白芊芊在胡同口徘徊了很久,几次抬起手又放下,始终没有勇气敲响苏叶草家的门。
而此刻,苏叶草正坐在书房,用铅笔在纸上涂涂画画。
这是分店药柜的布局草图,她反复修改了几次,考虑着怎么安排才能让空间利用最大化。
画完最后一笔,苏叶草直起身子揉了揉有些发酸的脖颈。
分店的事千头万绪,但最要紧的还是坐堂大夫。
郑老那边虽然还没点头,但态度已经放软了下来,也算是个好兆头吧。
她突然想起周时砚说的二顾茅庐,嘴角不由得弯了弯。
这男人,总能把部队里那套用到生活里,偏偏还挺有道理。
正想着,院子里忽然传来一阵轻微的的敲门声。
苏叶草手上的动作一滞。
这么晚了,会是谁?
她放下笔,起身走到书房门口。
隔壁房间也传来动静,周时砚显然也听到了。
“我去看看。
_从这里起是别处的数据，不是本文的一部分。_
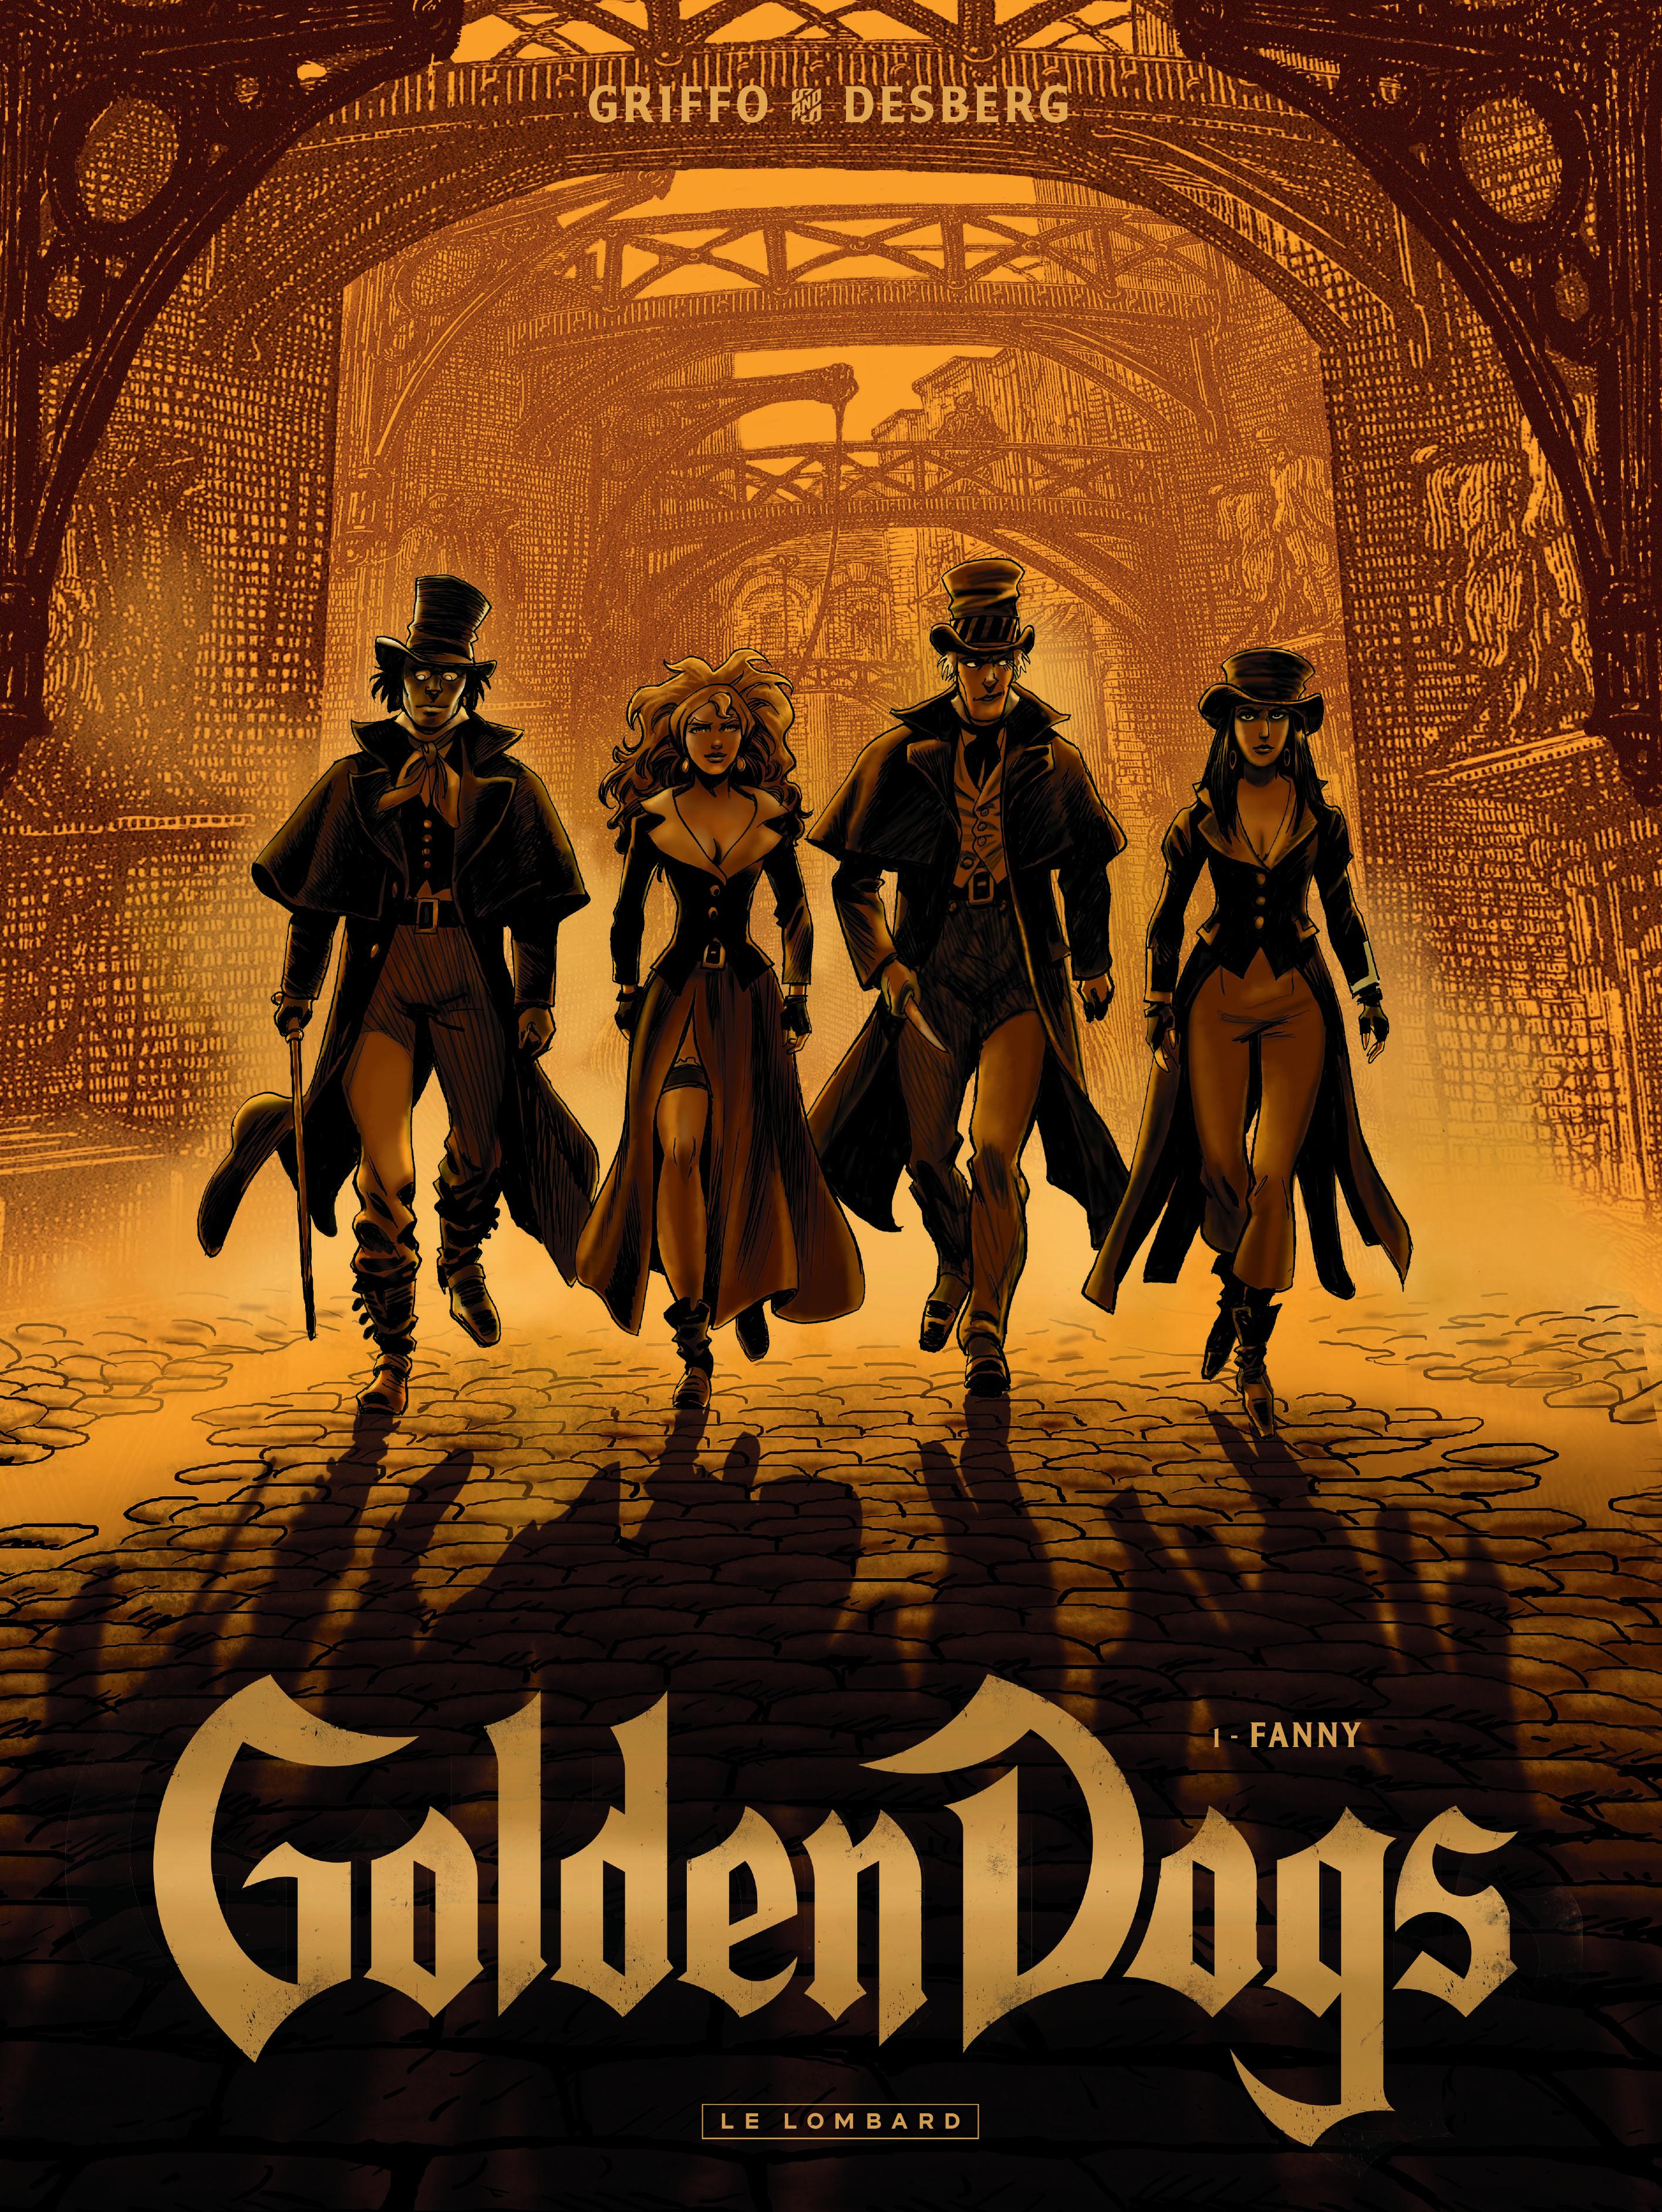 Golden dogs T1 : Fanny (0), bd chez Le Lombard de Desberg, Griffo

”周时砚的声音从门后传来。
他走到门口沉声问,“谁?”
门外静了一下,然后是一个女人的声音,“是……是我,白芊芊,我有急事要找苏叶草。”
周时砚眉头一皱,回头看了跟出来的苏叶草一眼。
苏叶草也是一脸意外。
周时砚拉开插销,将门打开一条缝。
月光下,白芊芊穿着一件单薄的外套,脸色惨白如纸……
看到周时砚,她下意识地后退了小半步,“苏叶草在吗?我真的有非常要紧的事!”
周时砚没有让开,而是侧身挡住门口,“什么事不能明天说?这么晚跑来。”
“等不到明天了!”白芊芊很着急,“明天下午就要出大事了!”
周时砚眼神一凛,回头看向苏叶草,见对方冲他点头这才让开了身子。
“进来。”周时砚依旧护在苏叶草的身前。
白芊芊闻,这才踉跄着跨进门槛。
屋里只亮着一盏小台灯,光线昏暗。
苏叶草站在书桌旁平静地看着她,那双眼睛清澈明亮,仿佛能看透人心。
“白芊芊,你说有急事,到底什么事?”苏叶草开口问道。
白芊芊把手里的布包放到桌上,露出里面的油纸包。
“这是陆瑶给我的。”白芊芊声音颤抖,“里面是附片粉,她让我想办法下到赵老的参茶壶里。”
“什么?!”苏叶草倒吸一口凉气,“赵老有心脏病,一直在服用洋地黄类药物,附片与那药严重相克!就算微量也可能引发严重心律失常!陆瑶她想害死赵老?!”